Forty years after becoming a father for the first time, six children and thirteen grandchildren later, the question has to be; how has my life been changed through all these years in the role of dad and grandpa? The simple answer…I can’t possibly fathom how different my life would have been without the children. Being a dad is fulfilling, meaningful, joyful, gratifying, significant, prideful, humanizing, and humbling. Paradoxically, it is also frustrating, stressful, vexing, fearful, exasperating, exhausting, costly, and certainly not something to enter into lightly. The decision to become a dad is forever…once a dad you can’t ever walk away and shed the responsibility…(well, perhaps in very short moments). Children are not our possessions with built-in obsolescence. When we make the commitment to becoming a dad, it is like no other commitment we will ever make in our life…we can’t negotiate, rationalize our way out of it, or walk away when the contract is finished and pick a new provider. At times we don’t particular like their behaviors. Conversely, they don’t always like our behaviors either. But, we will always love them…no matter what. The love and relationship with our children is unique and like no other in our life.
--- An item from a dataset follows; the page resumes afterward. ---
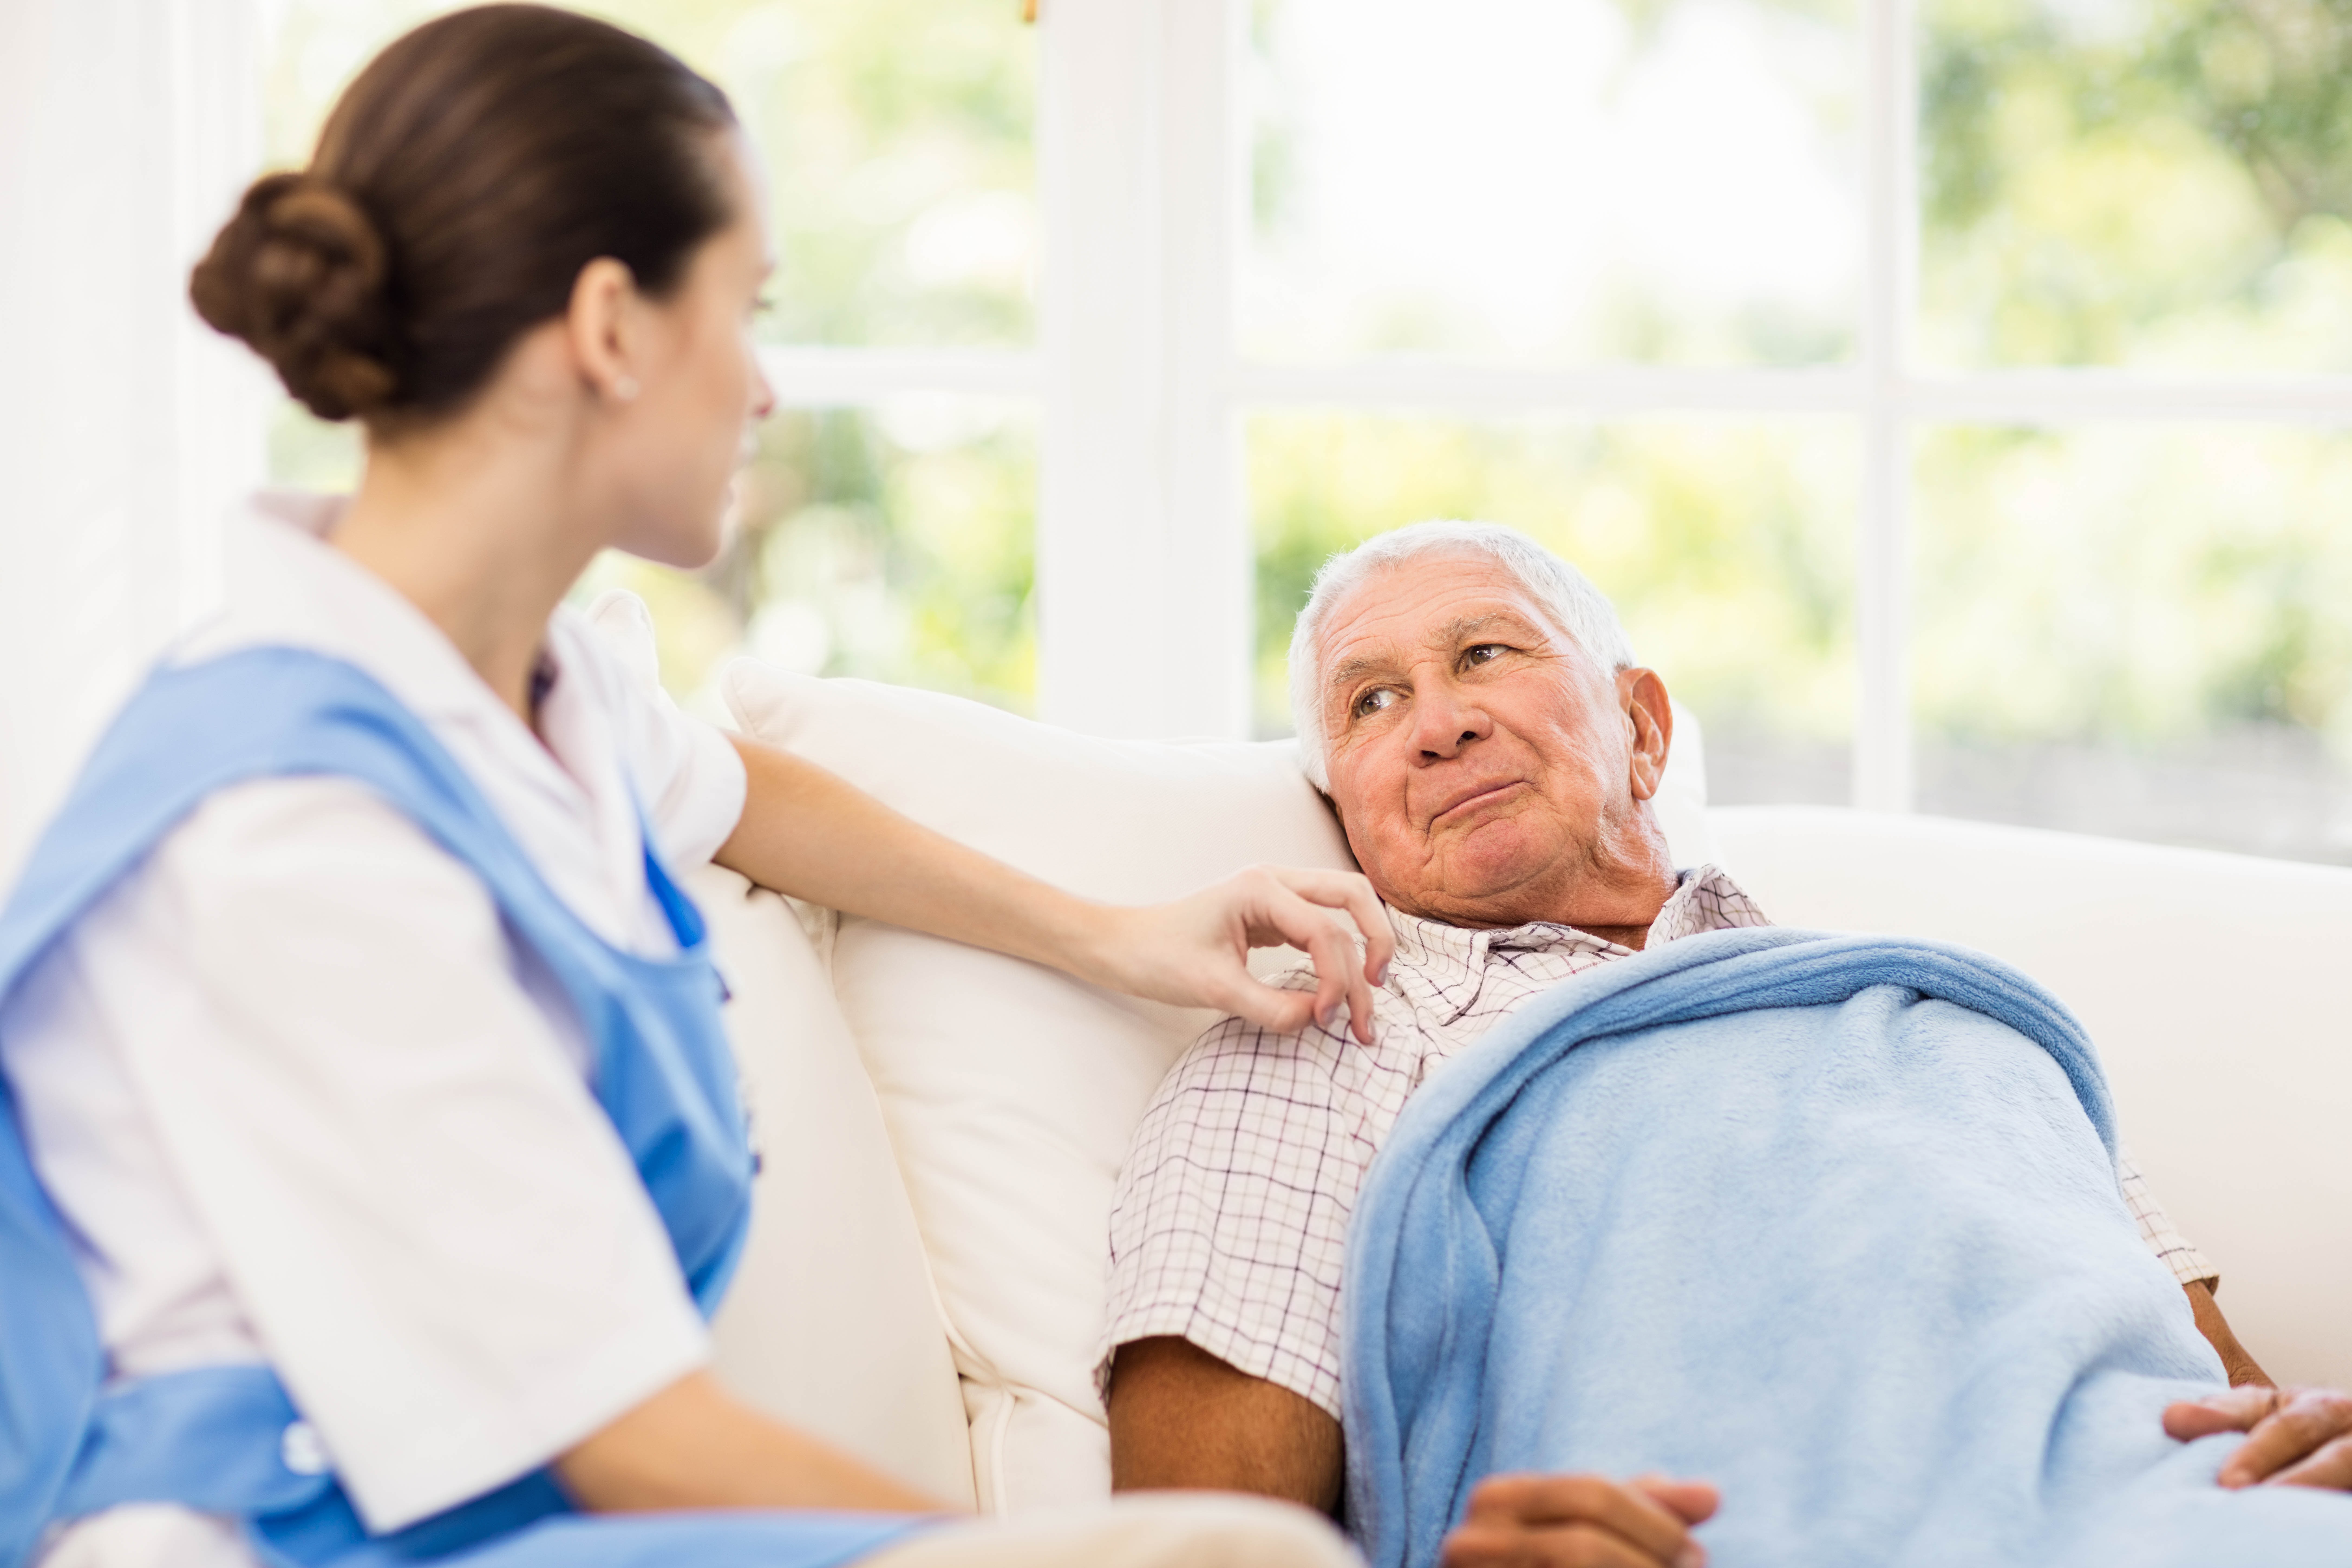 Medicare rules for home health care

My commitment to being a father is deeply engrained within my soul. My dad died suddenly when I was nine months old, leaving my mother widowed with three young children to deal with on her own. I have known what it is to not have a dad in my life and will always have sadness about it, but I also developed distinctions from being raised by my mom and grandmother, which has contributed to my way of being a father. We strive to be the perfect father, but we are human and we make mistakes. We stumble, we cry, we have breakdowns at times, we experience consequences for our decisions, but we also get back up every morning, get the kids off to school and face the world again, a powerful metaphor for many circumstances in our life. A true gift we can give our children is allowing them to be human. Embracing my own “humanness” allowed me the empathy to embrace the humanness of my children. We can be mentors, teachers, family leaders, influencers, “life coaches”, and providers of structural tools allowing them to make decisions, (with guidance and counsel), and then being responsible for the consequences of their decisions, both good and not so good sometimes. They learn as much or more from our behaviors, as from what comes out of our mouths. They are emotional sponges and emulators. And what we put out there is reflected back. They teach us and bring us humility. Titles and successes in our careers dissolve in an instant when we walk through the door of our homes. We “have” numerous things in our lives, but being a dad/father/grandfather is a “way of being”…it is cellular. Perhaps it really should be “children’s day” in honor of our children.